The Atlanticはパリ症候群をこう説明する。 「簡単に説明すると、これは初めてパリを訪れた旅行者に見られる身体と精神の両方に支障をきたす症状です。出発前に想像していた街とは違うということを実感することによって発症するカルチャーショックの一種です。」
パリ症候群の原因とは?
理想化されたパリ
この現象を繰り返し調査するSlate.frはさらにこう付け加える。
「外国人にとってパリという町はシャネルの5番のような広告や、仏映画アメリにでてくるような愛の街、ロベール・ドアノーによって撮影されたモノクロ写真にあるような絵になる美しい街を想像するのです。そういった写真にはセンスを持った女性や片眼鏡をした口髭の男性が写っています。

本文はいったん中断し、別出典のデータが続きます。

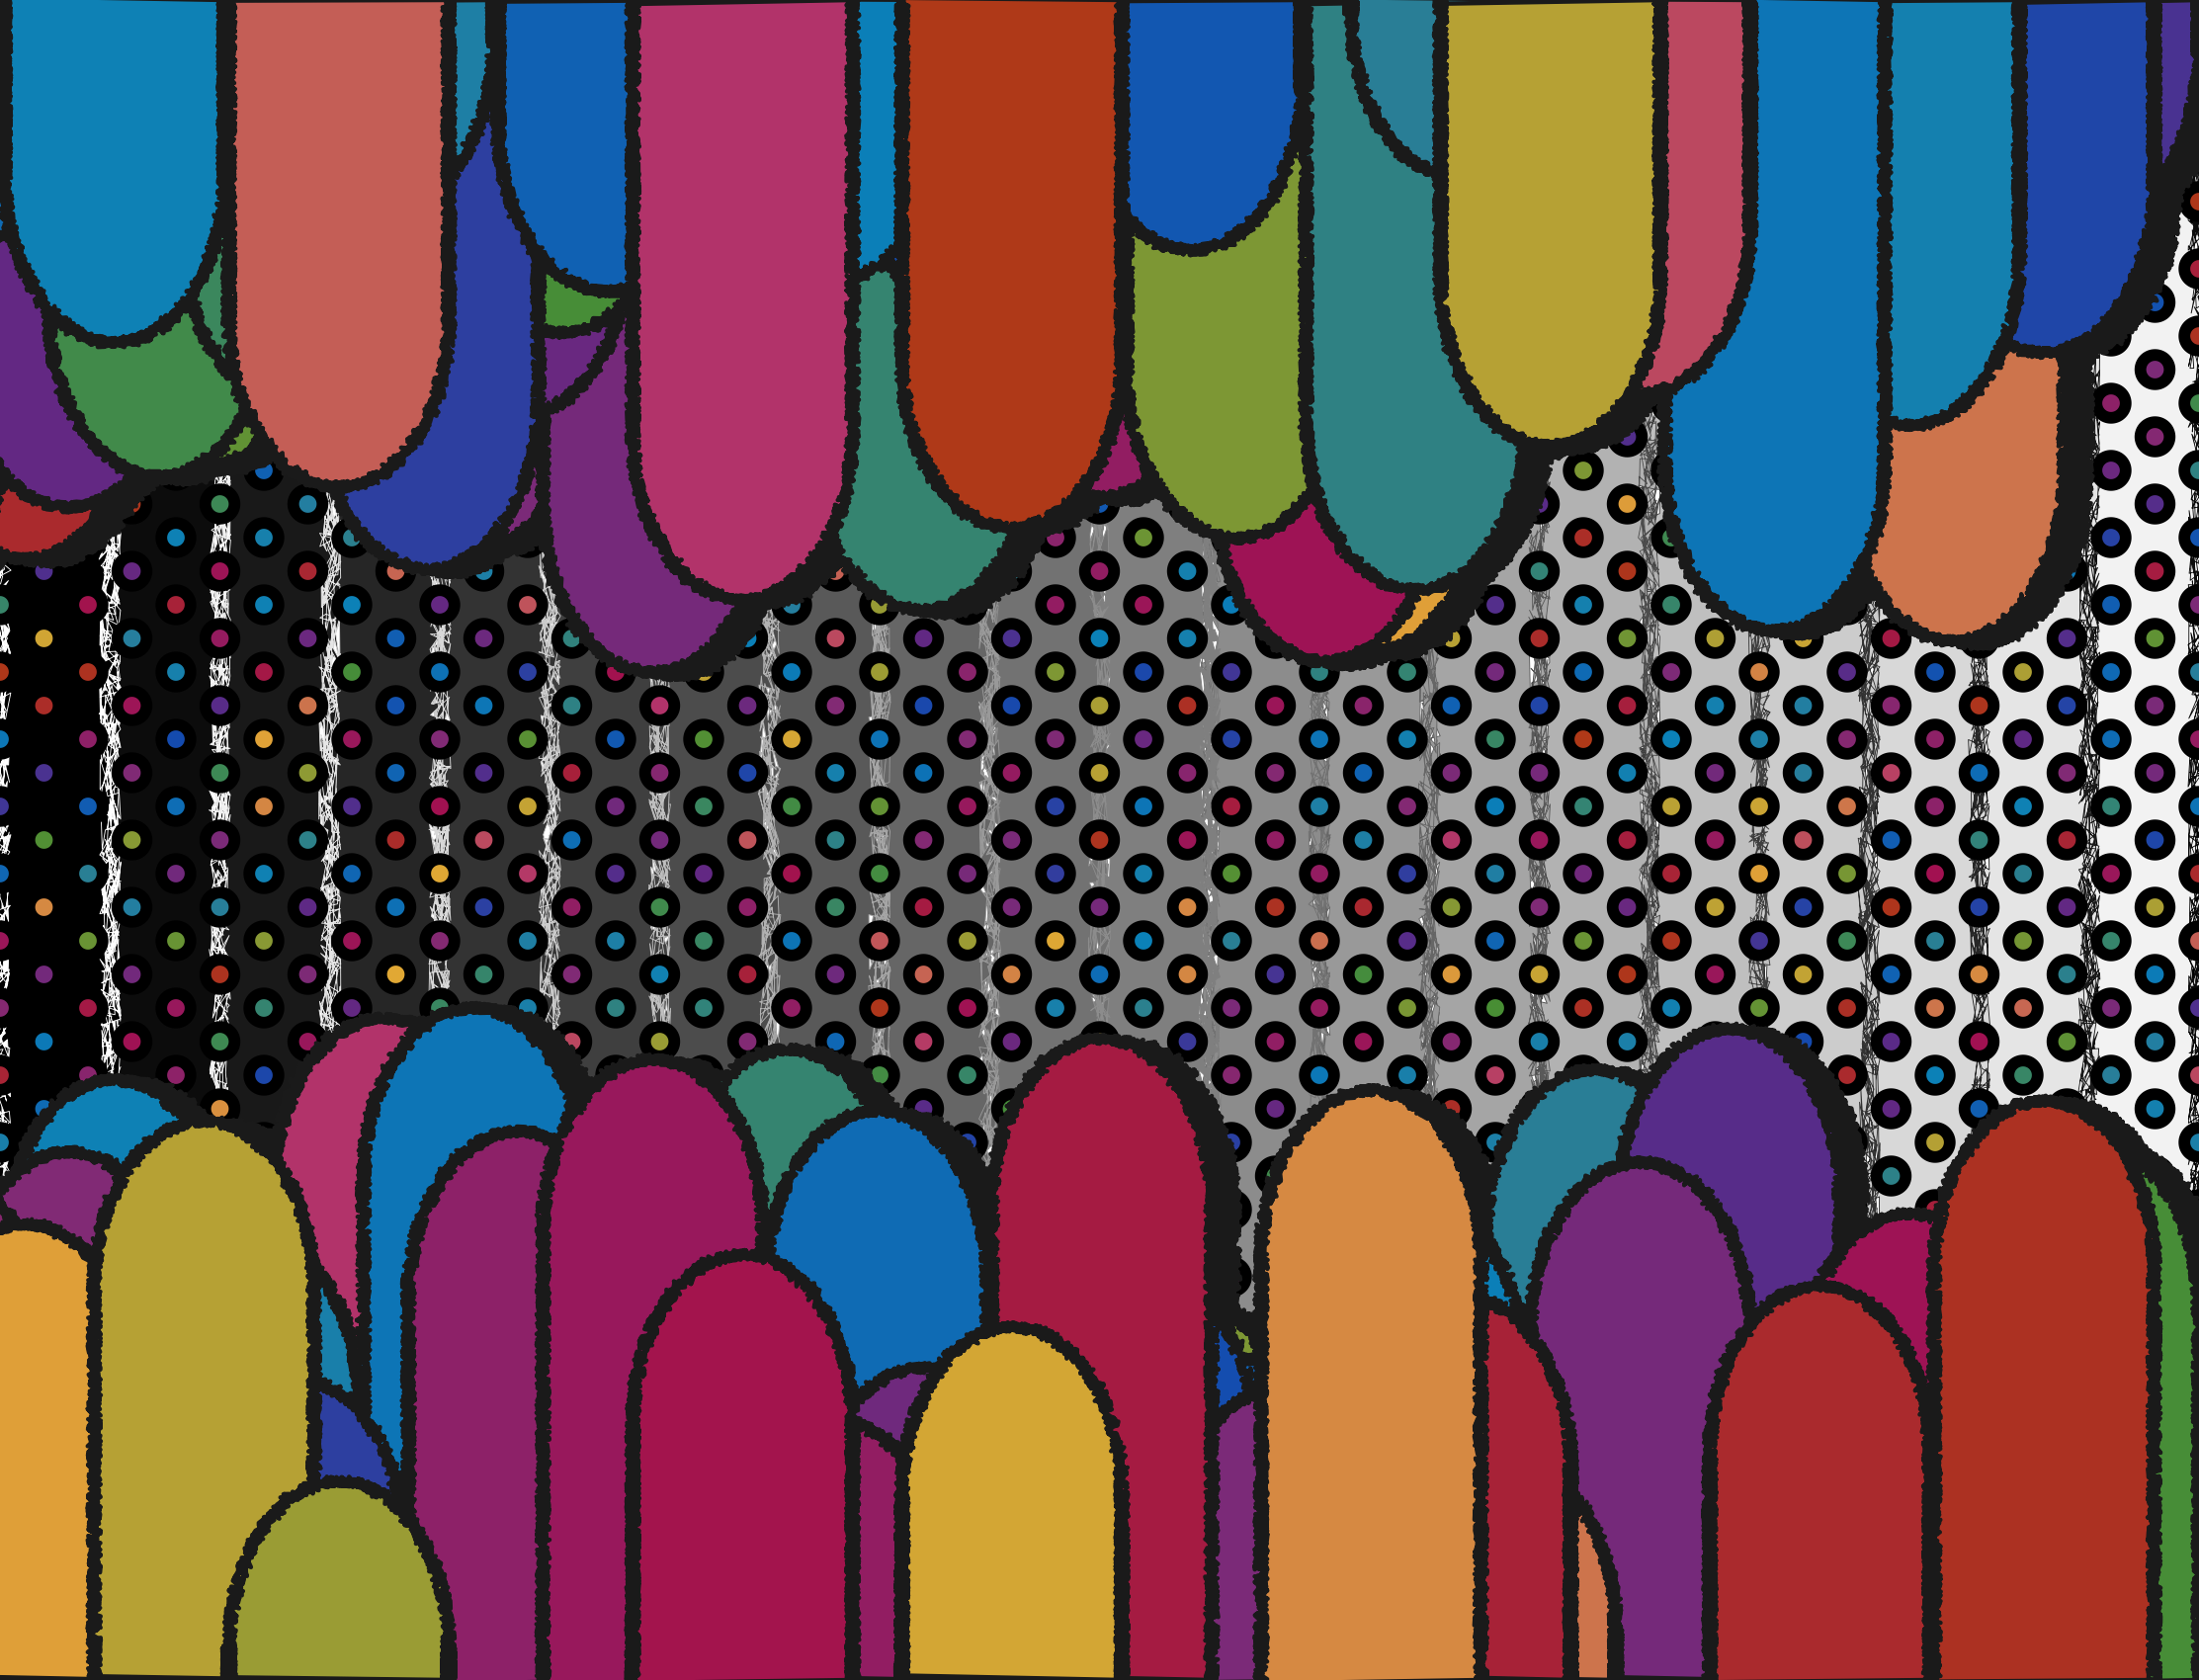 A generative image with multiple rainbow finger-like shapes dropping from the top and rising from the bottom on a black and white gradient and rainbow-colored polka dots.

ズレたパリのイメージの一番の犠牲になるのが日本人女性。
彼女たちは理想化した狭いパリのイメージしか持っていないため、メディアの影響を受けやすいのです。パリのイメージがパリジャンのカフェやエッフェル塔、ルイ・ヴィトンの看板などに止まってしまっています。」
パリ症候群をテーマにした本“Le Syndrome de Paris ”が2005年に出版されたが、仏紙Le Figaroは当時、日本人を対象にアンケートを行った。日常生活についての質問を行った調査の結果に、パリの日本大使館で領事官第一秘書を務めるヨシカツ アオヤギはこうコメントしている。

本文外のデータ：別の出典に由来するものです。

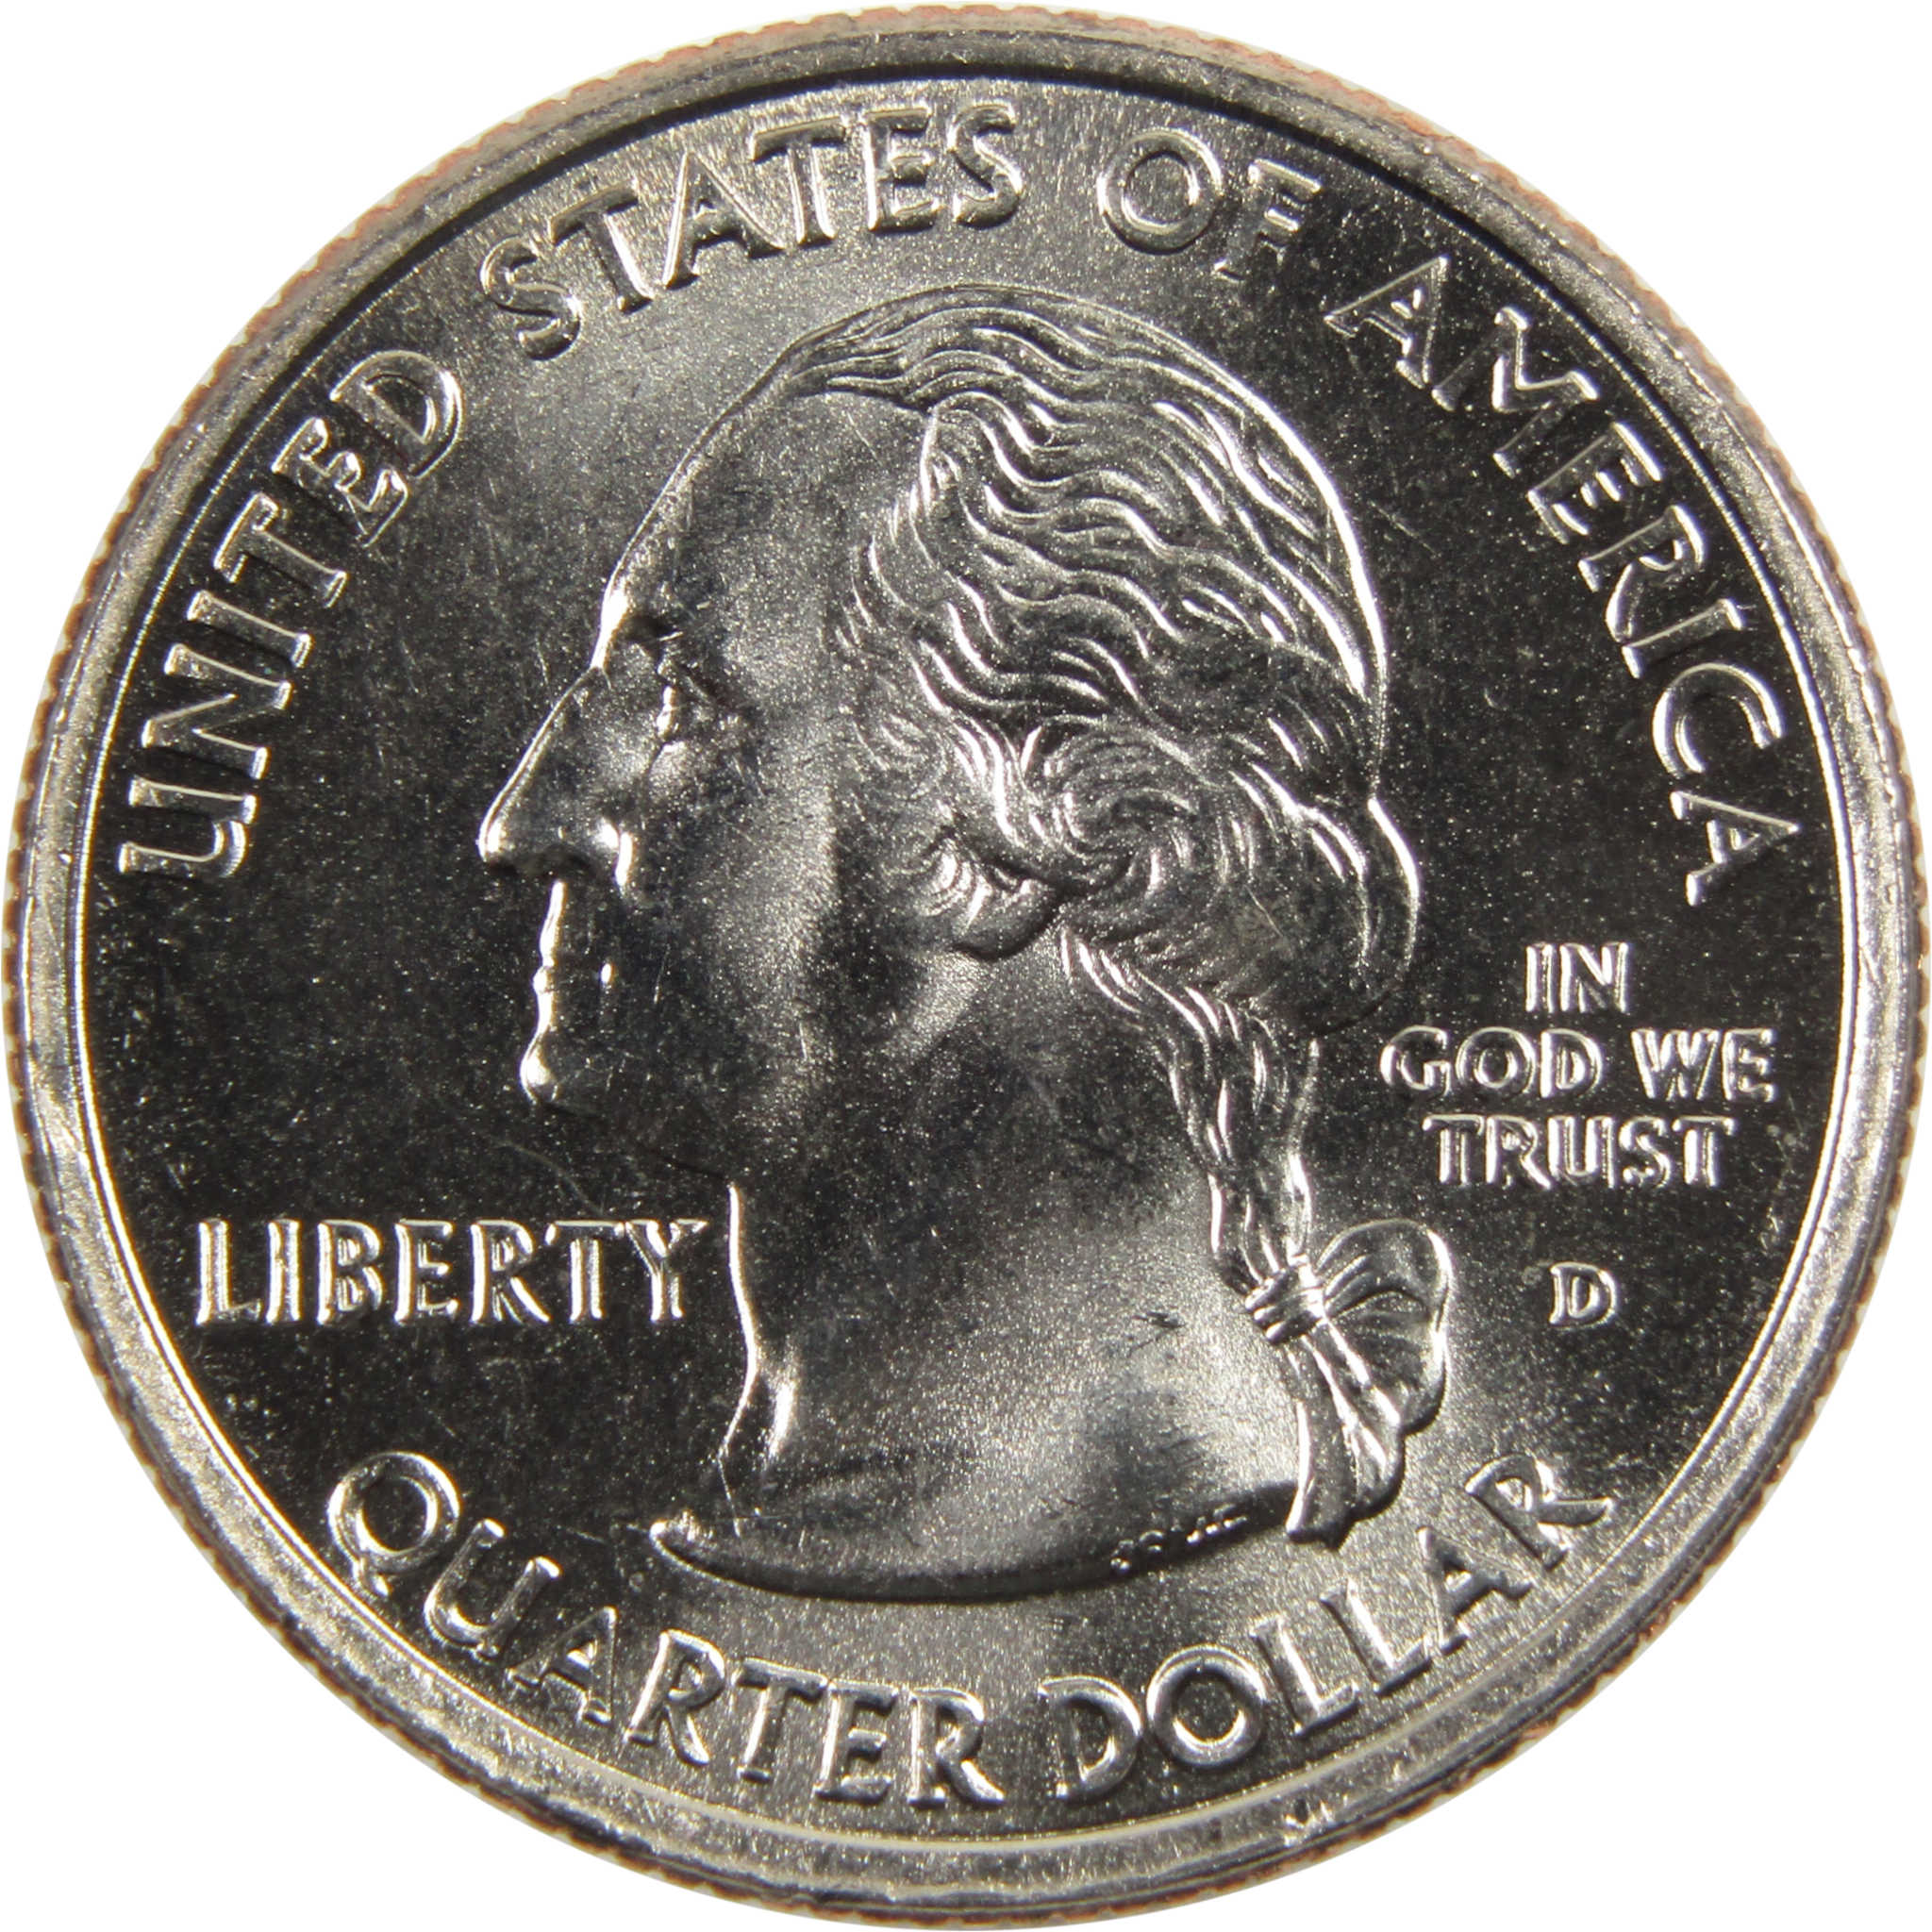 2002 D Tennessee State Quarter BU Uncirculated Clad 25c Coin

「テレビ(に映し出されるパリ)では、全てが波風のない、バランスのとれた、オスマンの大きなビルで画一性のあるイメージが映し出されます。しかし、我々は歩道を撮るのを忘れすぎている。祖国を離れた人たちがフランスでの生活様式に順応する現実の厳しさを悟り、自分を責める傾向にあることを情報として付け加えなければなりません。」
冷淡なパリジャンの視線
この本の著者であるフィリップ・アダムはより正確な事実を伝えている。
「若い女性が最も被害を受けている。20~25歳の女性で、理系というよりは芸術史を専攻するような学生に多く、パリを耽美主義の街で、心優しい青年のいる場所だと思い込んでいます。」
2006年にBBCのインターネット上に公開された記事によると、「想像上のパリジャンとは違い、パリの人に失礼な態度をとられたことからショックの度合いが高くなる」としている。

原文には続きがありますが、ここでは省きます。